Das sieht doch ein ganzes Stück einfacher aus als bei JMF und hat bei mir unter Ubuntu 8.04 tadellos funktioniert.


----------



## body-mg (27. September 2008)

Hey cool, Danke.

Nur Leider funktionert der Link nicht mehr. Google hat auch nichts auspucken können. Kennt jemand den Link?

Grüße,
Bud


----------



## hot_wax (28. September 2008)

body-mg hat gesagt.:


> Hey cool, Danke.
> 
> Nur Leider funktionert der Link nicht mehr. Google hat auch nichts auspucken können. Kennt jemand den Link?
> 
> ...



Hier vllt: Klick mich fest!


----------



## body-mg (28. September 2008)

Danke.

Die Seite hatte ich auch schon gefunden. Allerdings kann man dort nur eine exe Runterladen. Wenn man die ausführt wird die JAR mit auf die Platte kopiert.

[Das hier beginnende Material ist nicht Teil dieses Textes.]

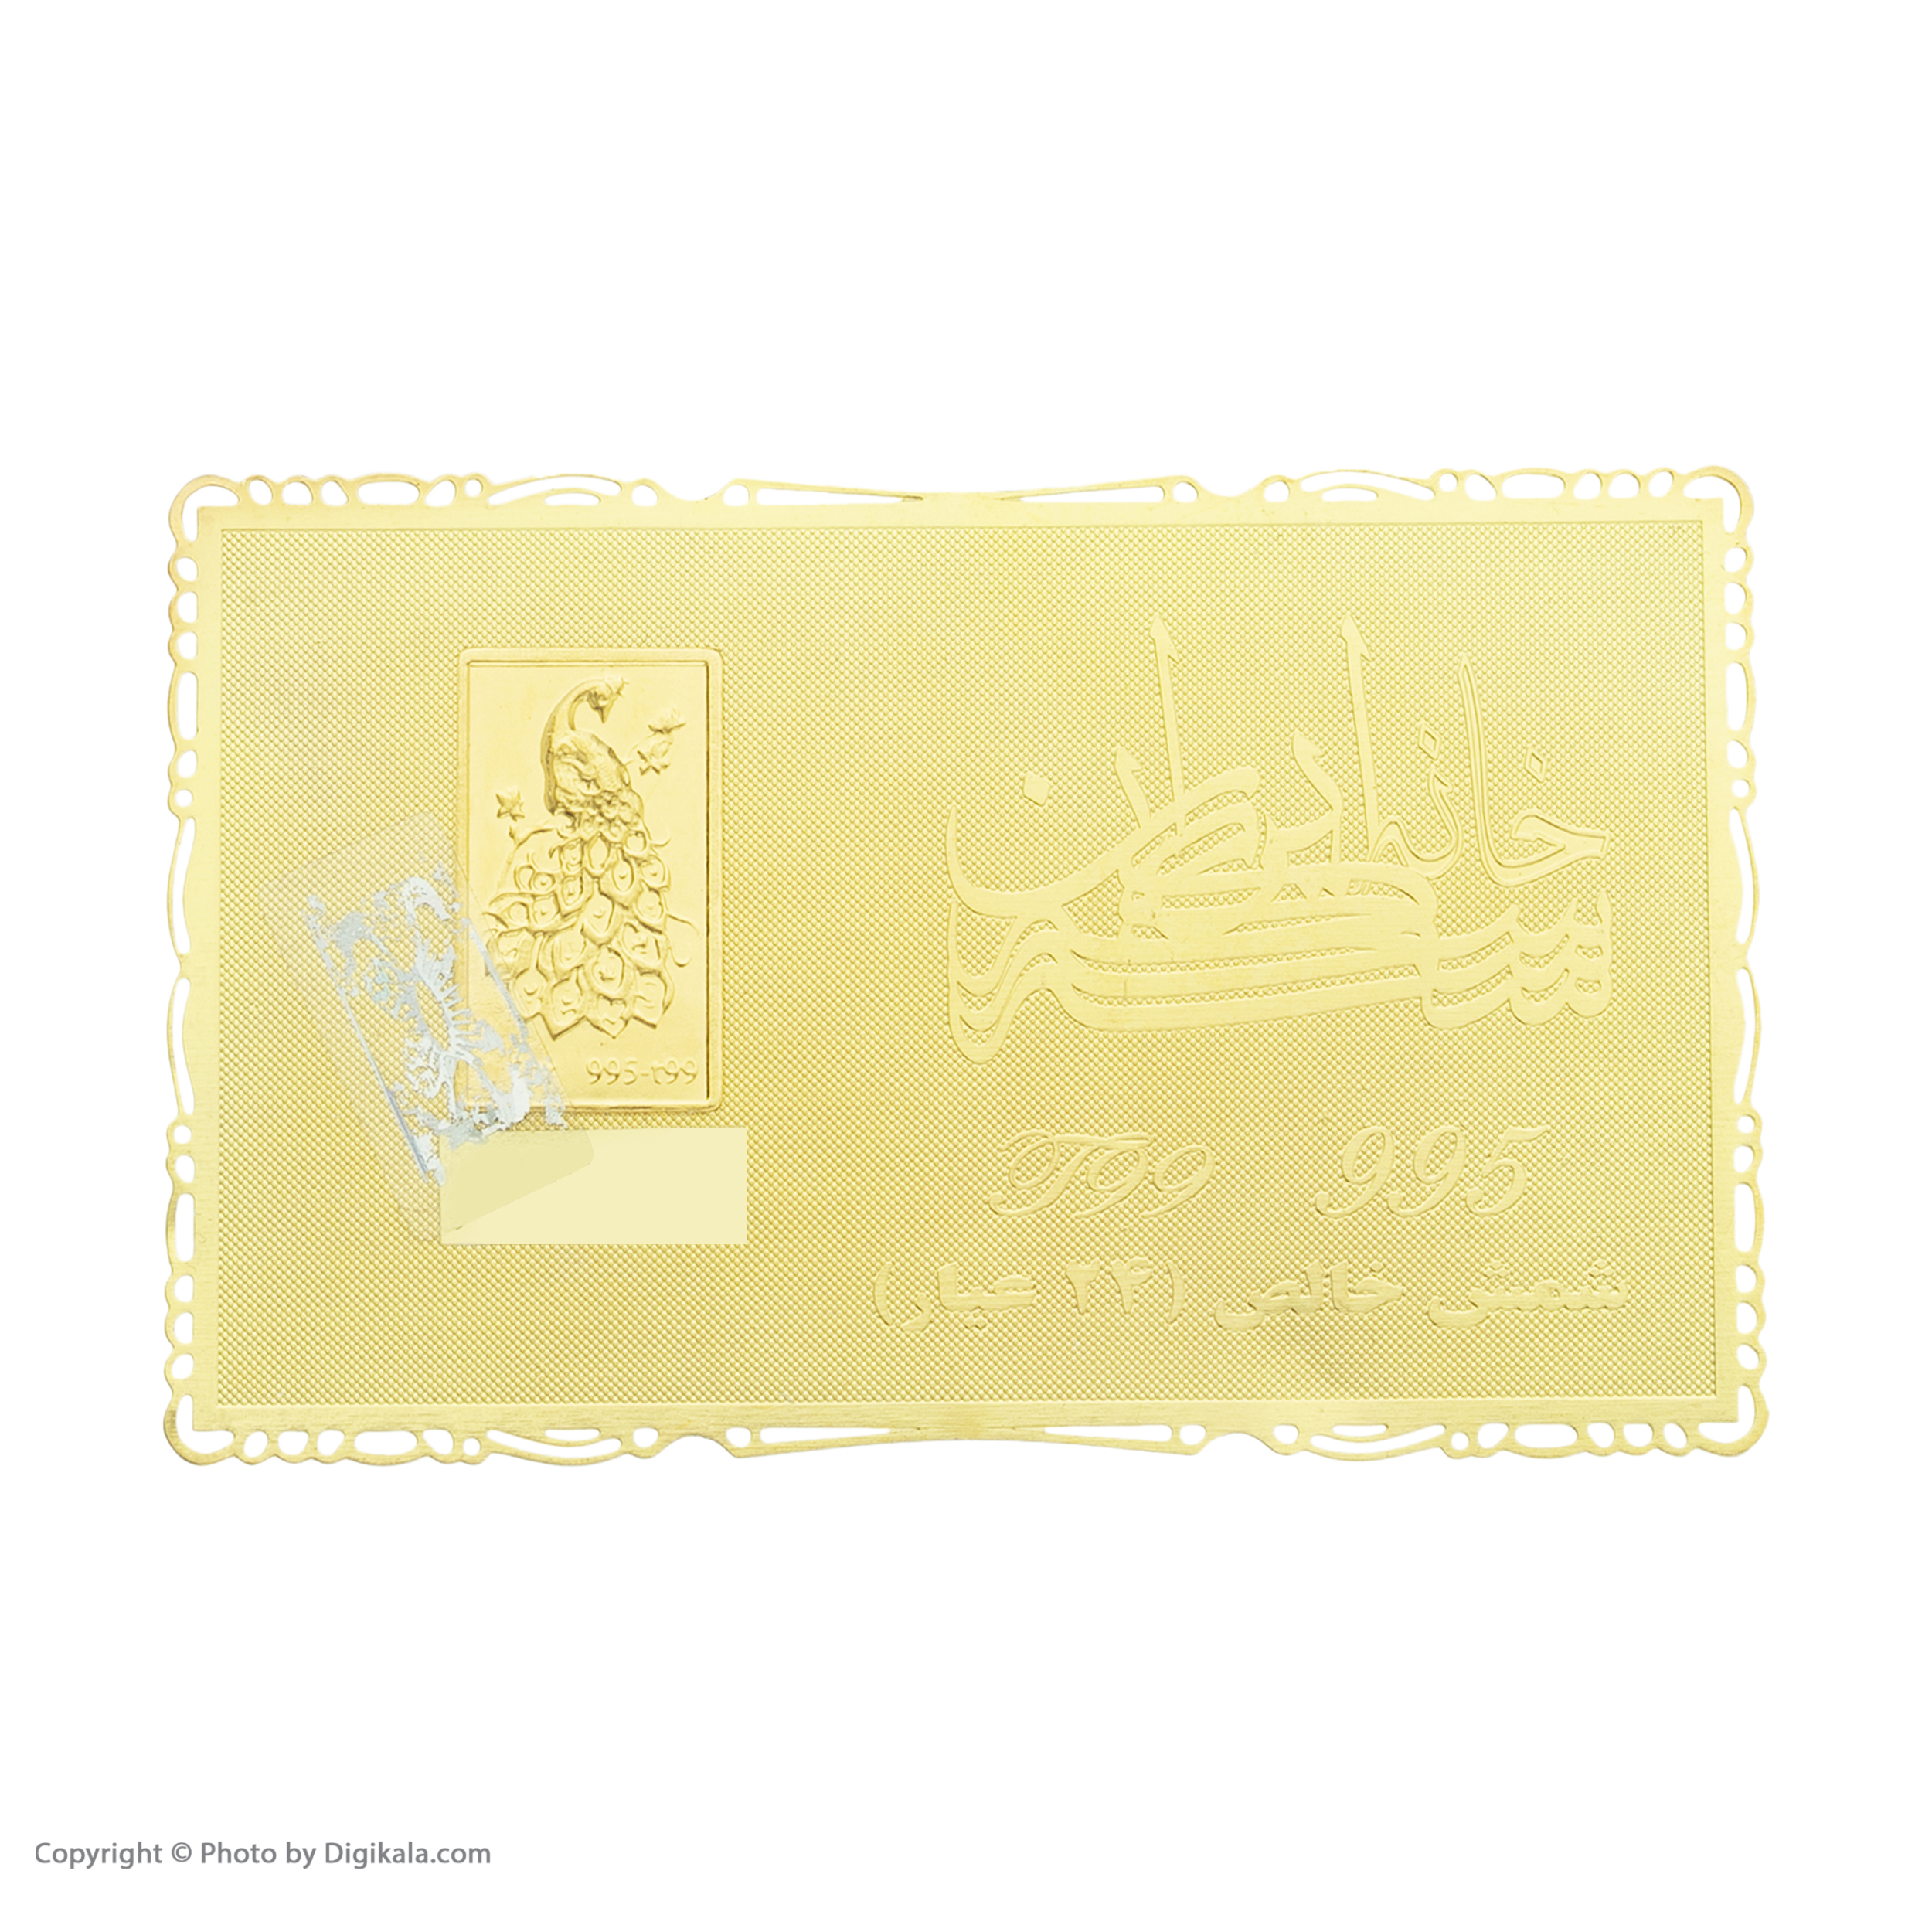 طلا گرمی 24 عیار خانه سکه ایران کد 005 -  - 2

Darf ich den einfach so benutzen?


----------



## DarkPhoenixX (30. Oktober 2008)

Wo kann man diese Library runterladen?
Alle links die ich gefunden haben, funktionieren nicht mehr, bzw. wenn jemand die Library hat, kann er sie bitte on stellen?!


----------



## The_S (31. Oktober 2008)

Auch eine gute Alternative zum JMF ist das FMJ => http://fmj-sf.net/


----------



## DarkPhoenixX (31. Oktober 2008)

Wäre sicher ein Versuch wert, wenn man die Playback Leiste unten verschwinden lassen kan.
Ich probiers mal, danke


----------



## Funresort (4. Mai 2012)

versucht mal jvlc heißt die libary glaub ich


----------



## Thomas Darimont (4. Mai 2012)

Hallo,

schau mal hier:
http://code.google.com/p/vlcj/

Ging aber auch mit SWT (hier ein Beispiel für Windows)
http://www.tutorials.de/swing-java2d-3d-swt-jface/182503-avi-video-mit-swt-abspielen.html

Ansonsten könntest du auch einen Browser in die Java App einbinden und das Video mit dem HTML5 <video> Element (http://html5video.org/) darstellen:
http://www.tutorials.de/java/365845-youtube-video-java-frame-einbinden.html

Gruß Tom


----------